Sikizu
X sansmerci
I like your avatar, it's cute.
On-topic, how familiar are you with the concept of societal privilege?
Thanks, and I've never heard of that before...
You probably would find it interesting to look it up. It's basically a way of putting a name to the way some people are institutionally considered/treated better in society.
So, majority group X people have X privilege, which includes a bunch of benefits, both direct and the absence of negative things, that are subtly granted to X people due to subconcious messages and assumptions about X people.
It's a useful concept for understanding the different between oppression and unpleasant events that are not caused by institutionalized biases. For example, even if an individual person or even a whole bunch of people are unkind to me and make a point of saying "I am doing this because you are an X", I wouldn't be oppressed by those people, because they aren't backed by a whole society, and in fact I still have X privilege.

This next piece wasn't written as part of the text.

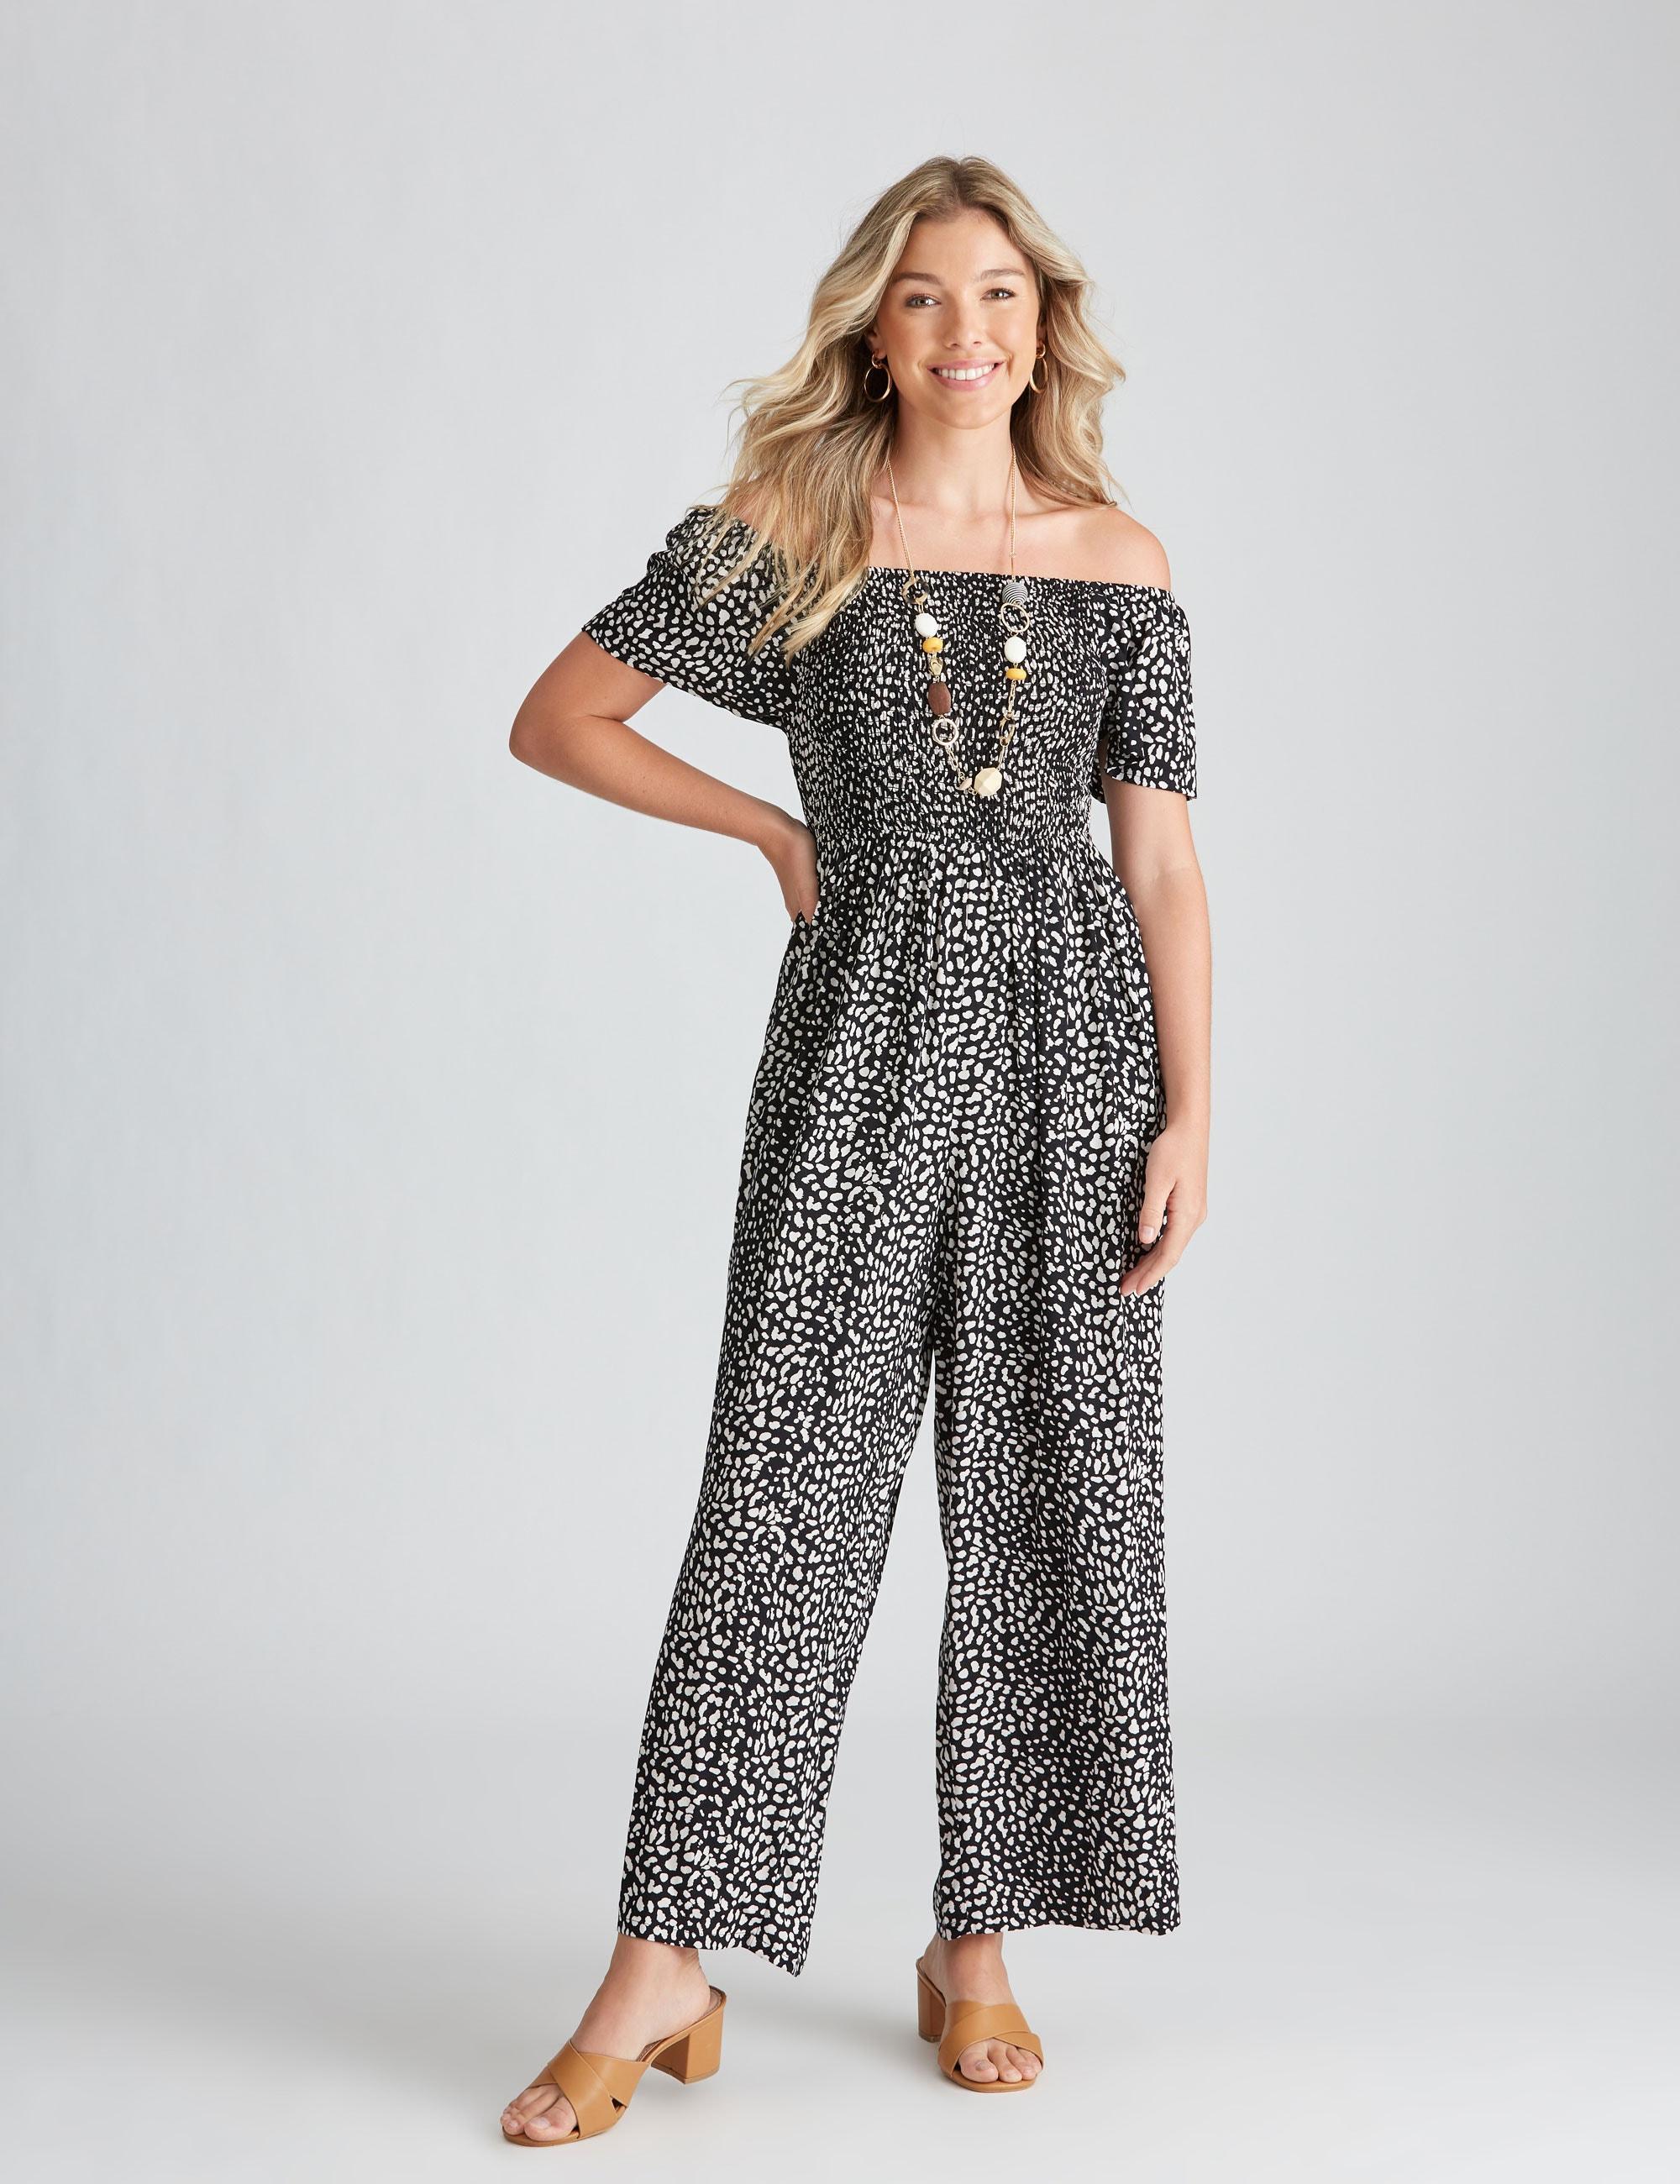 KATIES - Womens Jumpsuits - Woven Smocked Bodice Jumpsuit

Even if I'm also something else that IS institutionally oppressed, my X privilege means I do not experience the same treatment as a Y person who is also a something else person; those advantages aren't restricted to times when the only variables of types of people are X and Y.
And a big part of the idea of privilege is that people who have it do not ask for it and are usually unaware when it's working for them. So people who are interested in making the world a fairer place have to figure out and own their privilege, actively working to be conscious of stuff that's below the surface of society. It's all tied up with unlearning that stuff, and this summery is a bit all over the place since, while it's at it's heart a simple concept, it's so pervasive it's hard to sum up.

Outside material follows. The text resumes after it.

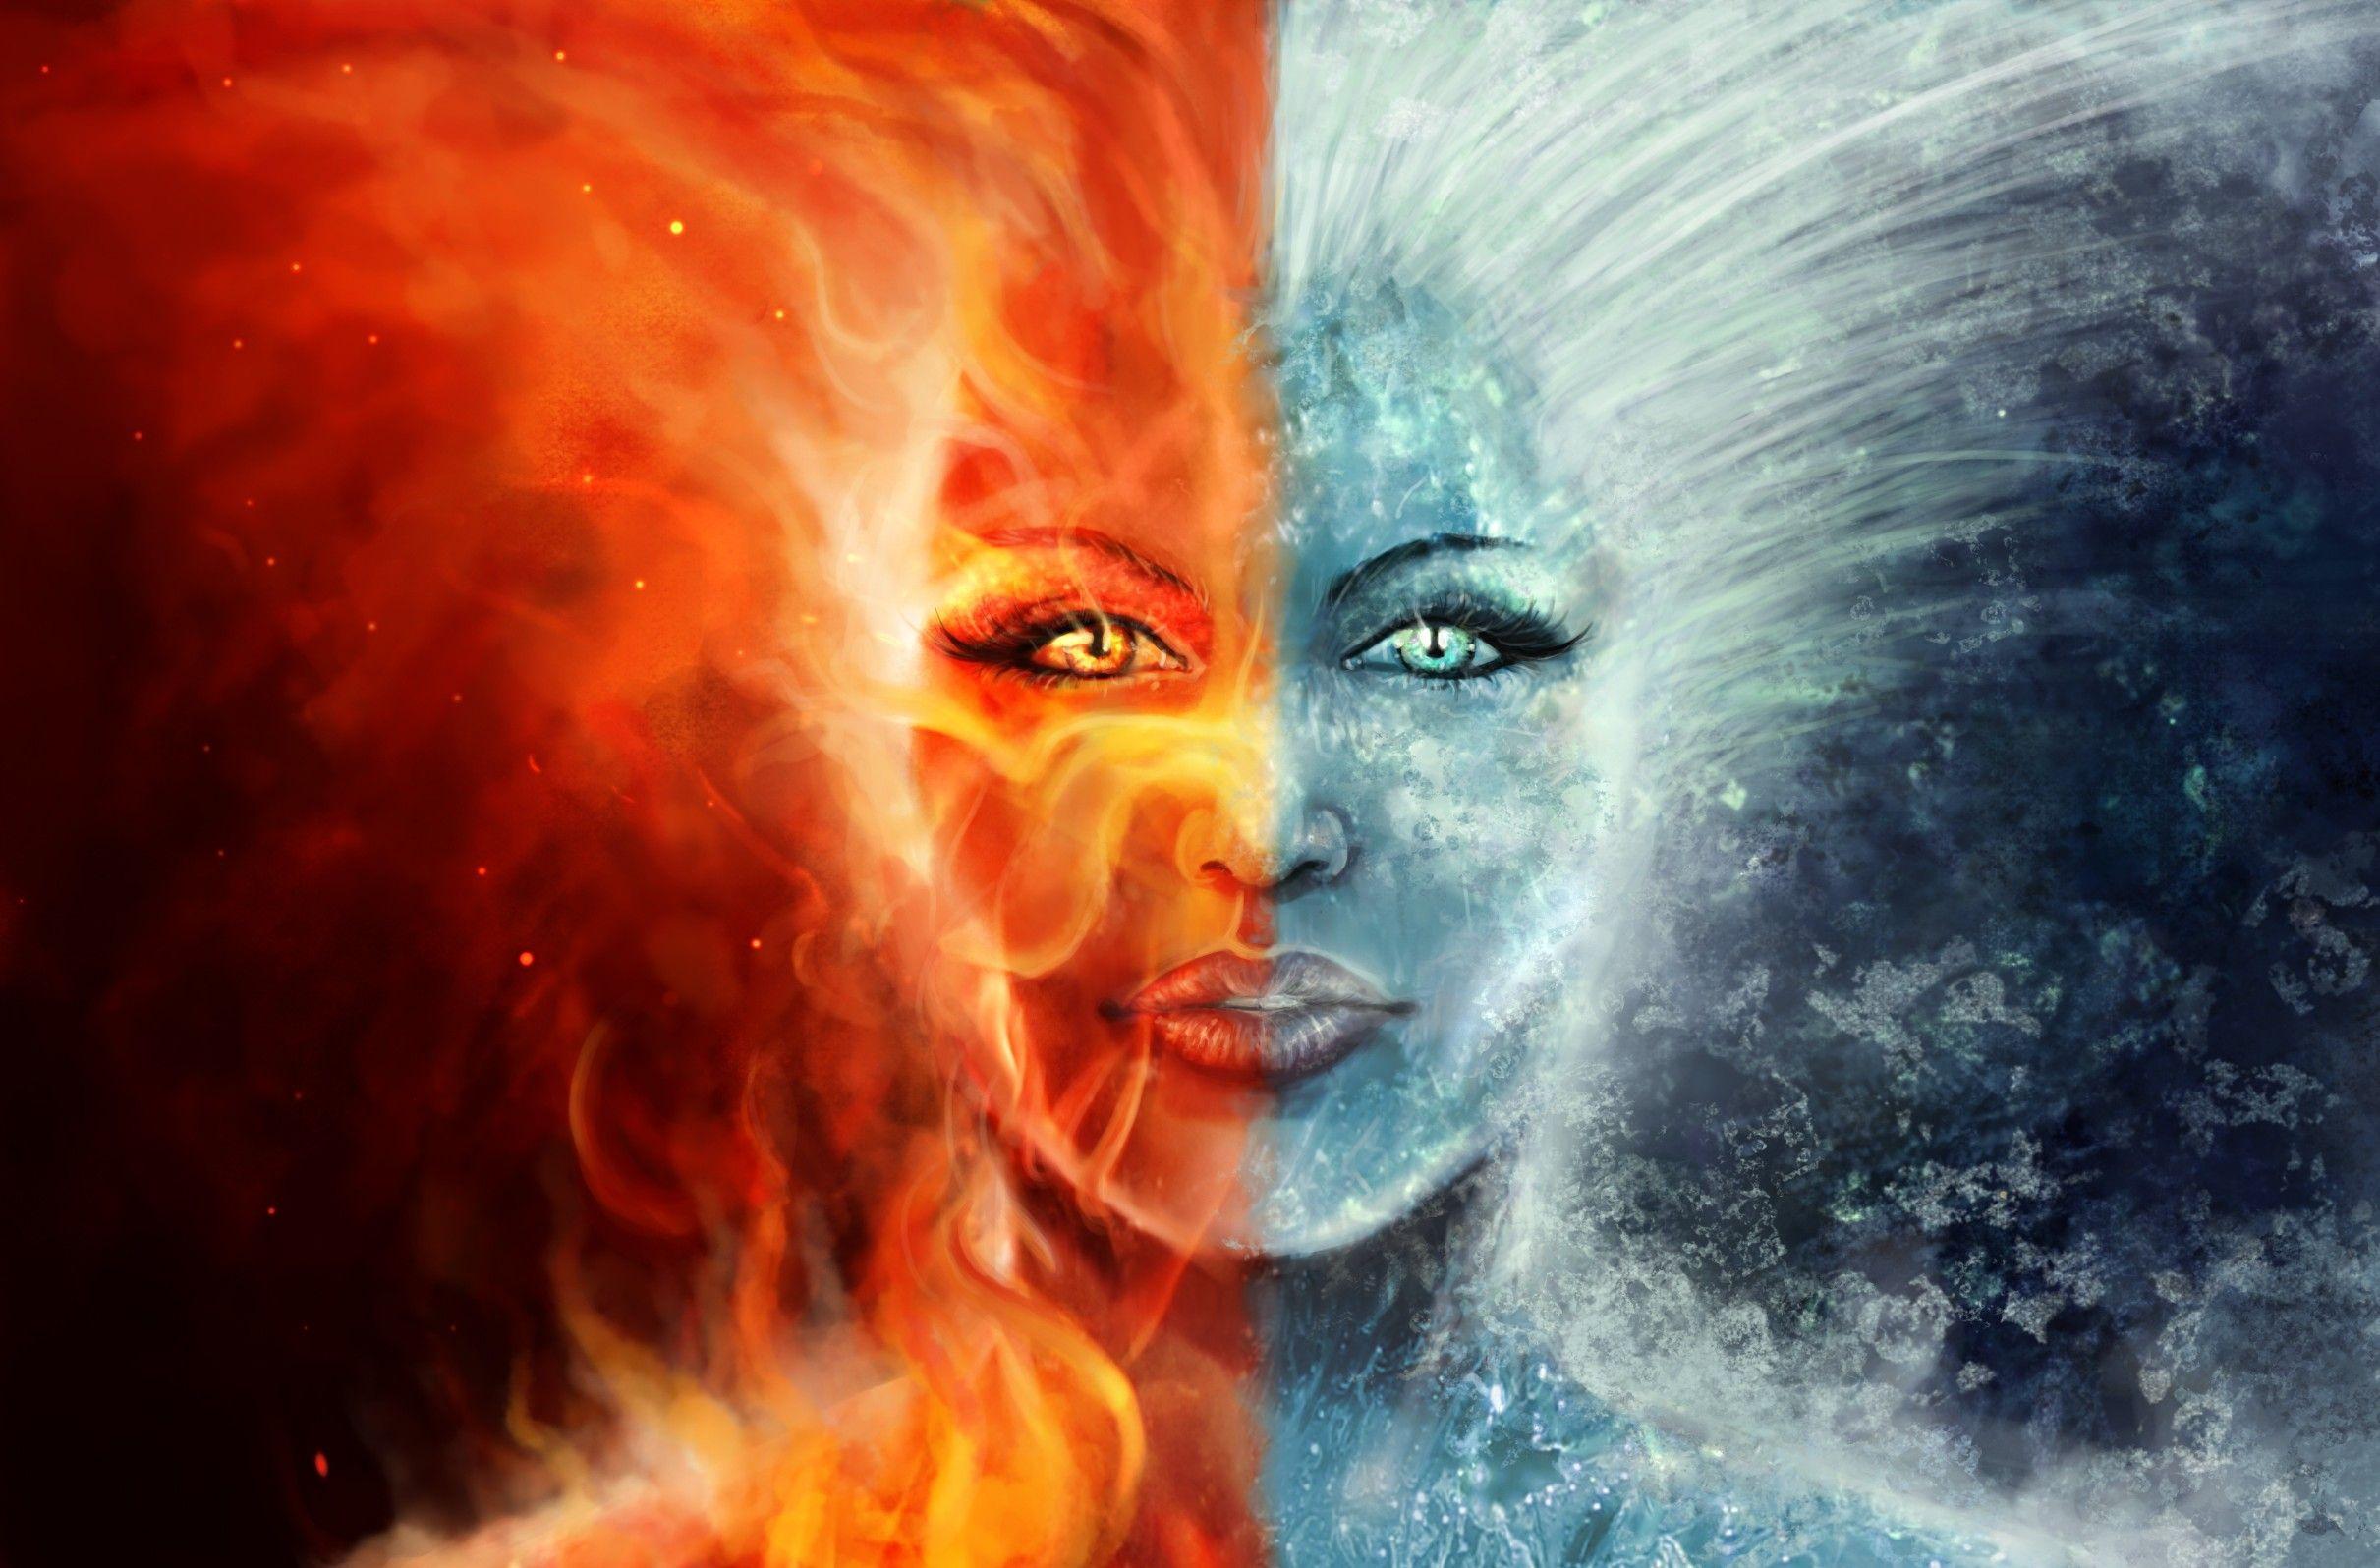 Fire And Ice wallpaper

Anyhow, I originally meant to try explaining why people would react less than charitably to comparing a bad experience with a friend to institutionalized prejudice. And not just because one person who really was just a bad apple doesn't balance with a pattern of people who might be bad apples individually but collectively make up an oppressive force. Since Christianity is so dominant in the US, it's not possible for a Christian person to have an experience equivalent to what a non-Christian would face; you're just lucky enough to be a member of a faith of some significant privilege, which doesn't mean anything negative on it's own, just is one of your things you get to be aware of.